Other contributors to the Summercrest Hills project include William J. Ludwig & Associates Ltd. in Clive, which developed the master plan, and Snyder & Associates Inc., which did the civil engineering work.
The first project within the development breaks ground this week: Vintage Hills Retirement Community. The senior living facility will feature a town center with a bank, beauty shop, post office, general store, theater and other amenities. The first phase will include 46 assisted living units and 20 memory-care units.
“Hopefully, directly following that will be our independent phase, which will be 45 units of independent (living) units,” said Jeff Ewing, president of Ewing Land Development and Services of Pella, which has built similar senior campuses in Pella, Newton and Waukee.
“We have a niche that we think is very beneficial,” Ewing said. “There is no endowment or buy-in fee up front (for residents); it’s strictly a market-rate facility. It’s been very successful for us.”
Bray said he and his partners are negotiating with a variety of potential commercial tenants for the development, and he expects to be able to announce the first major retail client in September.
One of the unique features of the development is its access to both redundant electrical power and fiber-optic lines, which makes it an attractive option for a technology park, Walpole said. “Very few locations have that in one site,” he said.
The area to be developed is half-again as big as the 95-acre Village of Ponderosa, but not quite as large as Jordan Creek’s 200 acres, so it’s definitely a long-term project, Bray said.
“A 160-acre project in any market, but particularly in this market, isn’t developed in 12 months or 24 months,” he said. “We’d love it if it were, and if that happens we’ll be ready for it and able to do it, but practically that will not happen. It’s a five- to seven- to 10-year project before this is fully built out.”
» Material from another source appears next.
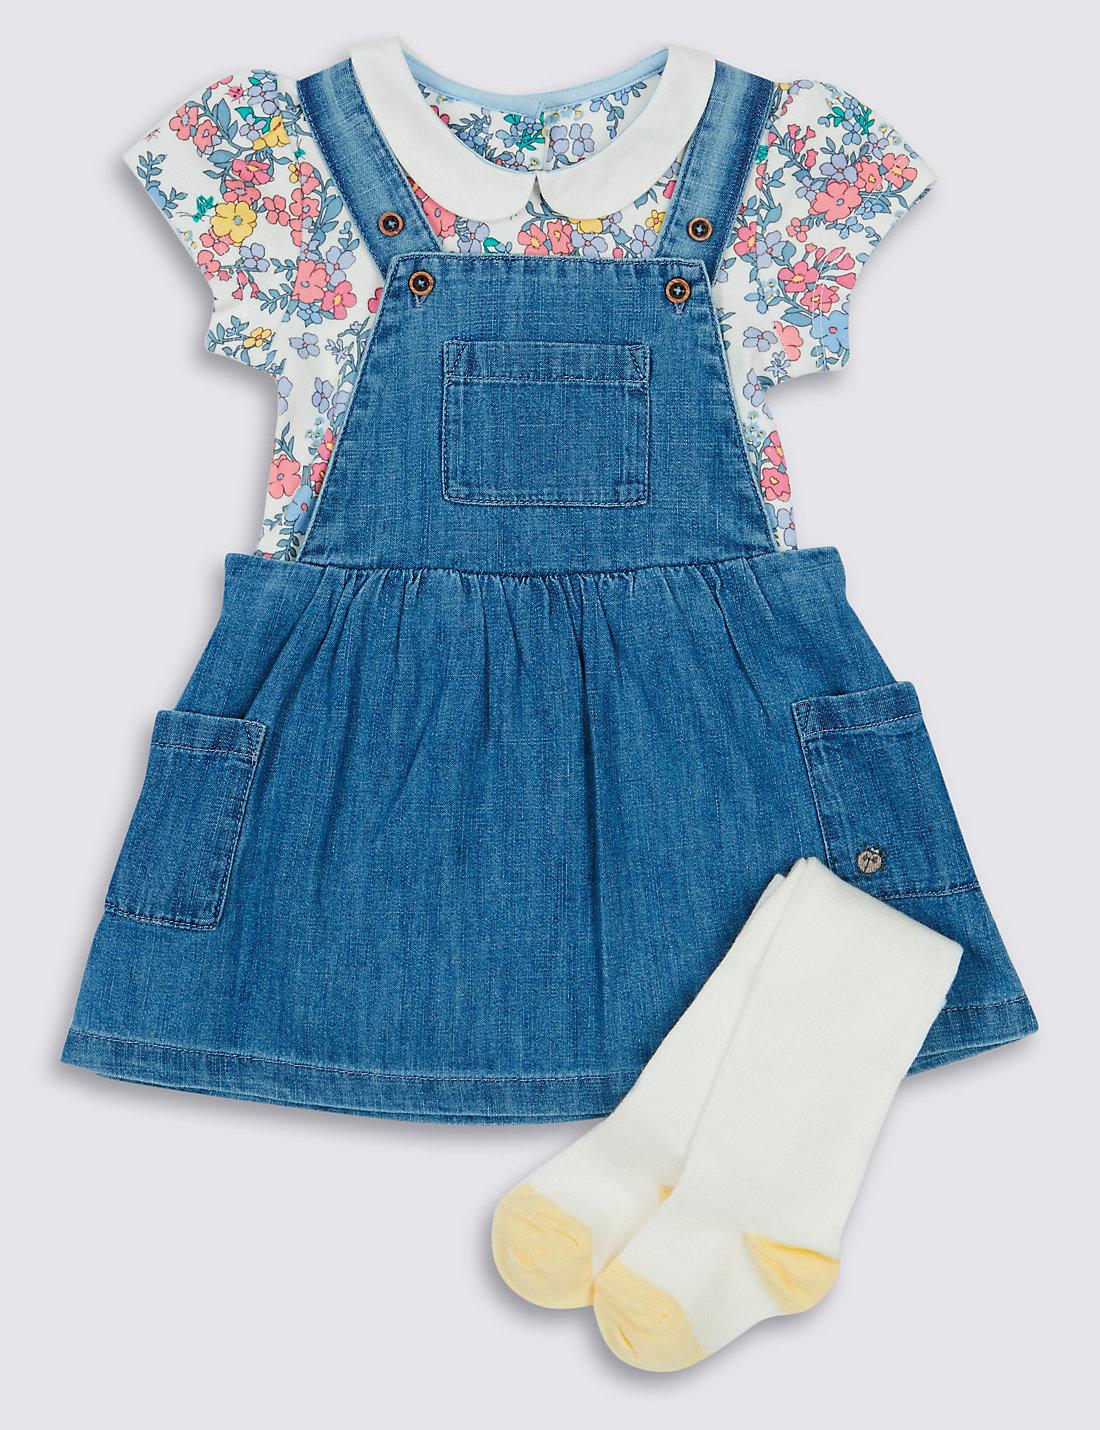 3 Piece Cotton Rich Denim Pinafore, Bodysuit & Tights Outfits

Though some existing retailers in Indianola have expressed concern about the project potentially taking business away from them, the added commercial activity will be entirely positive for the retail community, said Myles Kappelman, executive director of the Indianola Development Association.
“Warren County has the largest outflow of retail dollars of any county in the state,” he said. “If we can keep some of the dollars here, they’ll circulate in the community, and those dollars will find their way into other cash registers of businesses throughout the community.”
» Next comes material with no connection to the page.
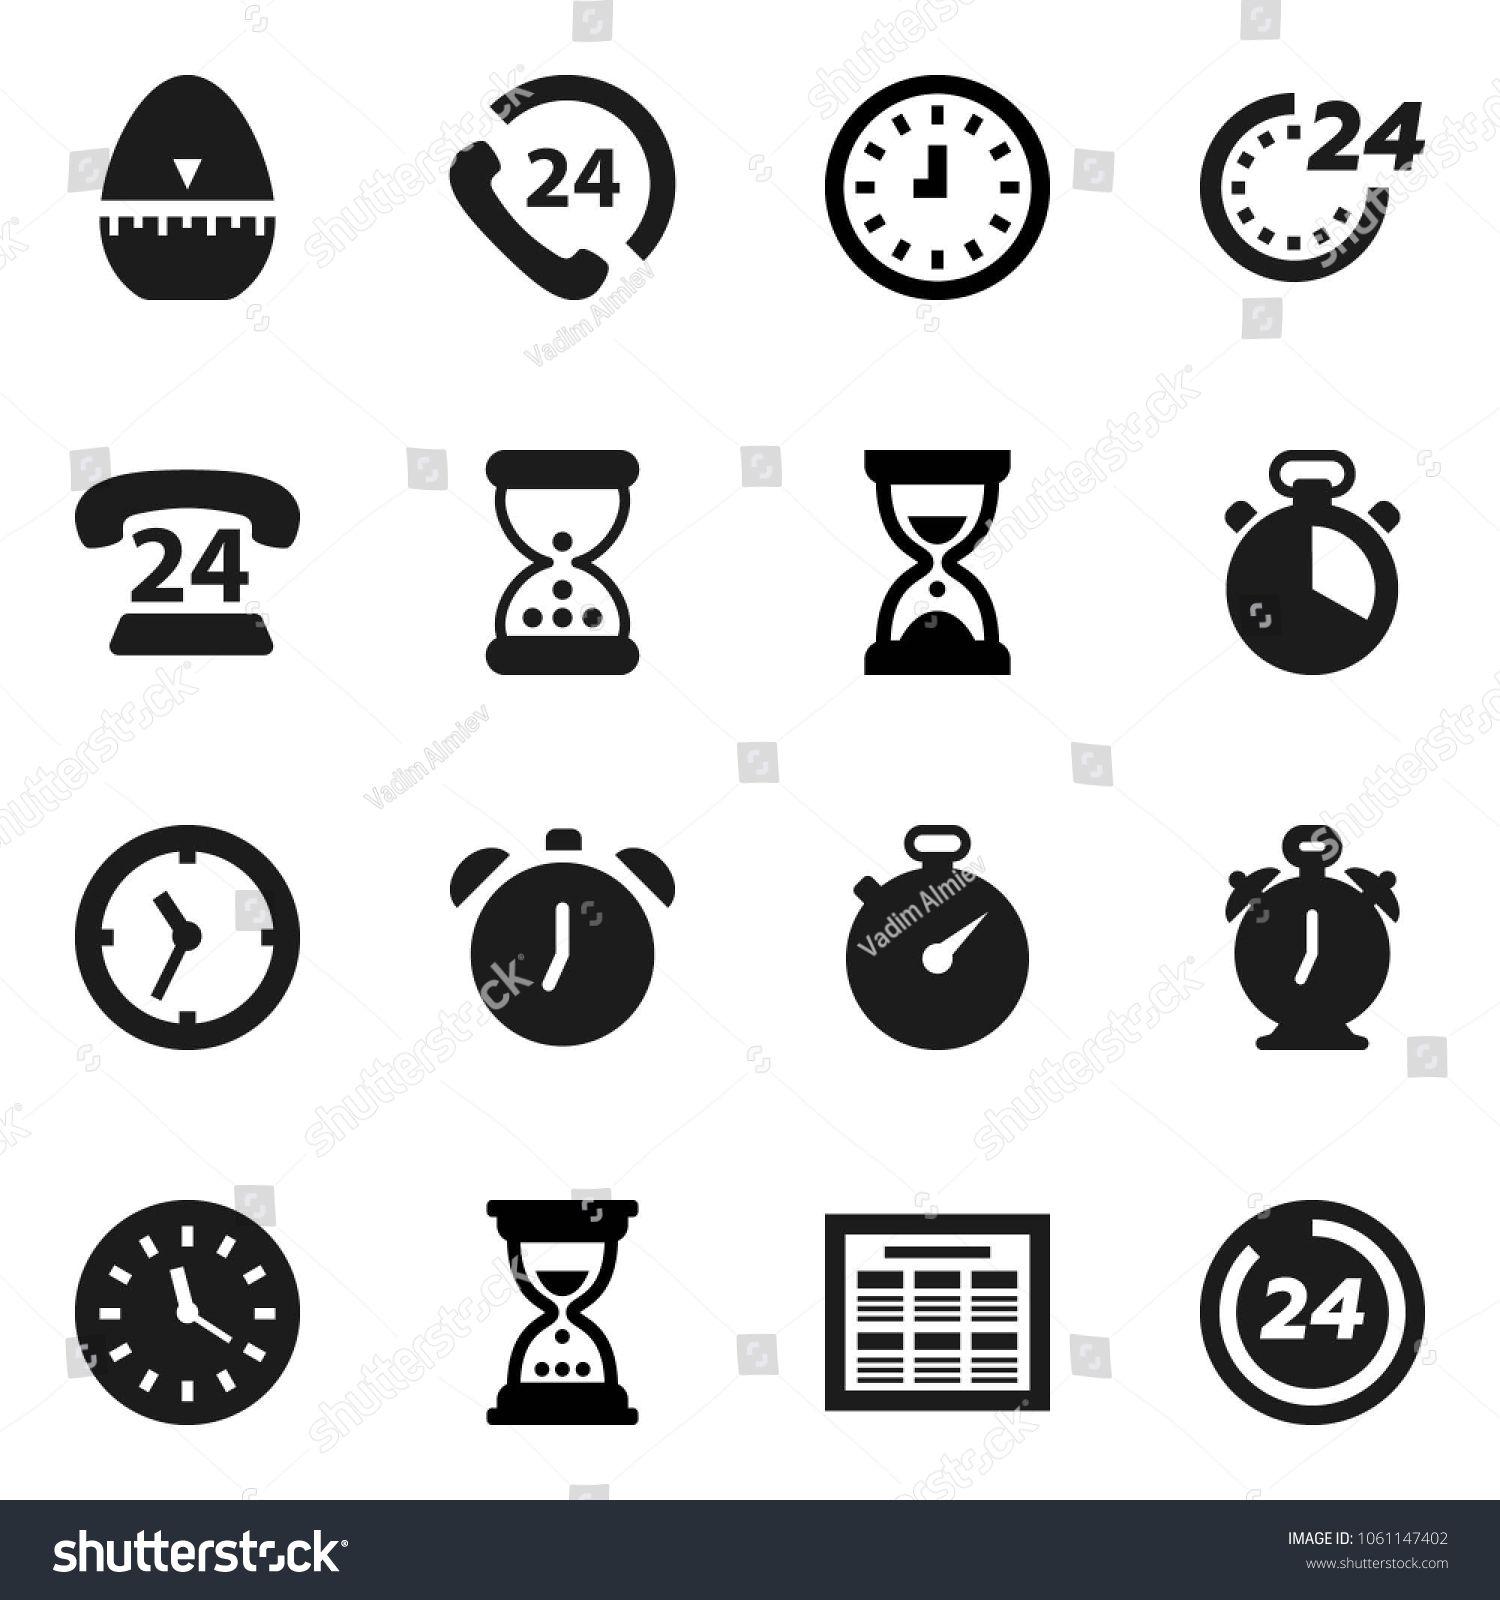 Flat vector icon set cook timer vector, alarm clock

The development deal hinged upon gaining the cooperation of landowner Kathleen Picken, who acknowledged that her family had misgivings about selling the land, which her cousins still farm.
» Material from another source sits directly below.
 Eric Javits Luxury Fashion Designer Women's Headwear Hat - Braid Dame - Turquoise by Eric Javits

“Obviously, I believe in the family farm, and that is why I’m investing in more farmland for (my cousins) Steve and Joe to farm and work, in a way to take the place of this piece, which is an excellent piece of farmland,” she said. “We were loath to give it up, which is another reason we appreciate the plans that have gone into this.”
Picken, who grew up in Chicago, said she appreciates the mixture of business, recreational, educational and cultural facilities planned for the development.
“We lived in our neighborhood some 50 years,” she said. “You can walk and get a bottle of milk or a deli sandwich, or you can even walk to work. We would like the people in Des Moines to think that Indianola would be a great place to live, because it feels like home.”